This chapter addresses the estimation problem: how to recover \(\beta\) from a finite sample. The answer is not a single formula but a family of estimators — the Wald estimator, two-stage least squares (2SLS), and the generalized method of moments (GMM) — each of which is a sample analog of the same underlying orthogonality restriction.
Chapter structure. Core material (Section 13.2–Section 13.7) develops the mainstream IV estimators and their asymptotic theory. Advanced enrichment (Section 13.8–Section 13.9) introduces GEL and the control function approach.
13.2 The Wald Estimator and the IV Regression Estimator
13.2.1 The Wald Estimator
We begin with the simplest setting: a binary instrument \(Z \in \{0,1\}\), scalar treatment \(T\), scalar outcome \(Y\), and no additional covariates \(X\).

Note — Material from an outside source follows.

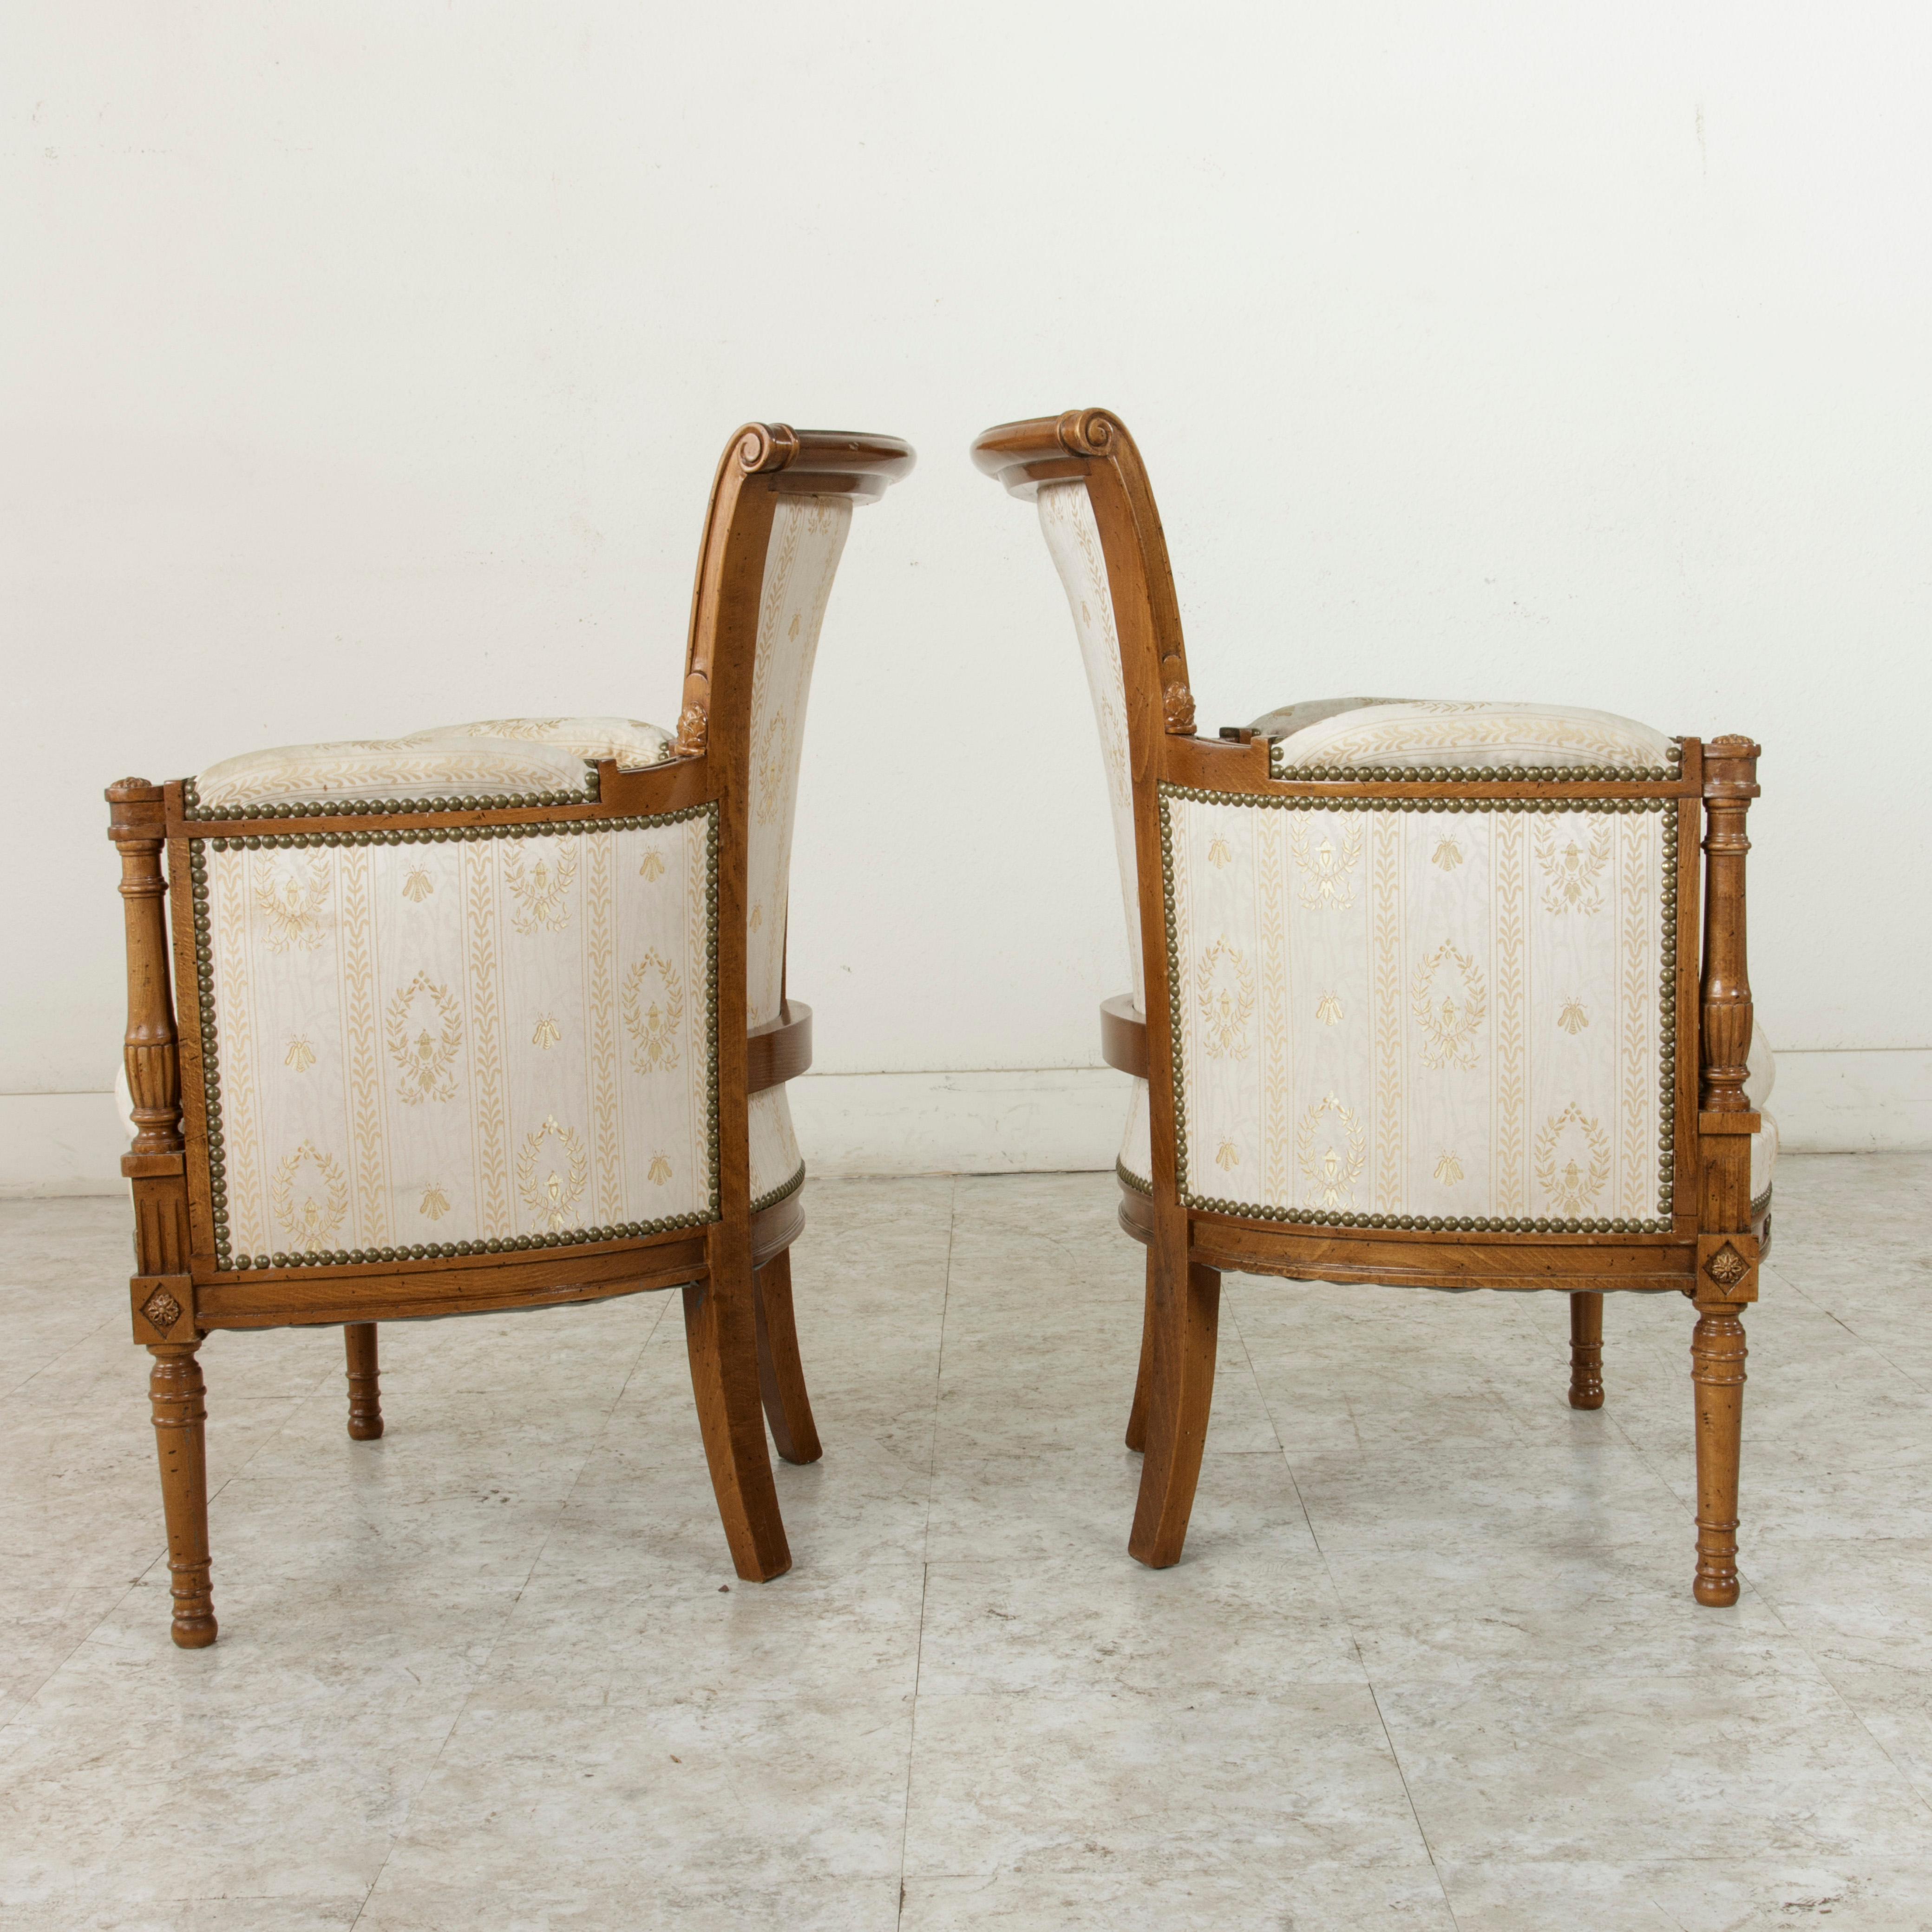 Early 20th Century Pair of French Directoire Style Walnut Bergères or Armchairs, circa 1900

The numerator \(\bar{Y}_1 - \bar{Y}_0\) estimates the reduced form: the total effect of the instrument on the outcome. The denominator \(\bar{T}_1 - \bar{T}_0\) estimates the first stage: the effect of the instrument on treatment uptake. Their ratio recovers the effect of treatment on the outcome by attributing all of the instrument’s effect on \(Y\) to the path \(Z \to T \to Y\) — valid precisely because the exclusion restriction rules out any direct path \(Z \to Y\).
13.2.2 The IV Regression Estimator with Covariates
When observed covariates \(X \in \mathbb{R}^p\) are present, the Wald estimator is no longer applicable. We derive the general IV estimator from the estimating-equation principle.
Notation. Stack observations into \(\mathbf{Y}, \mathbf{T}, \mathbf{Z} \in \mathbb{R}^n\) and \(\mathbf{X} \in \mathbb{R}^{n \times p}\). Let \(\bar{\mathbf{X}} = [\mathbf{1}_n,\,\mathbf{X}]\) and define the annihilator matrix: \[M_X = I_n - \bar{\mathbf{X}}\bigl(\bar{\mathbf{X}}^\top\bar{\mathbf{X}}\bigr)^{-1}\bar{\mathbf{X}}^\top, \tag{13.4}\] the orthogonal projection onto the orthogonal complement of \(\mathrm{col}(\bar{\mathbf{X}})\).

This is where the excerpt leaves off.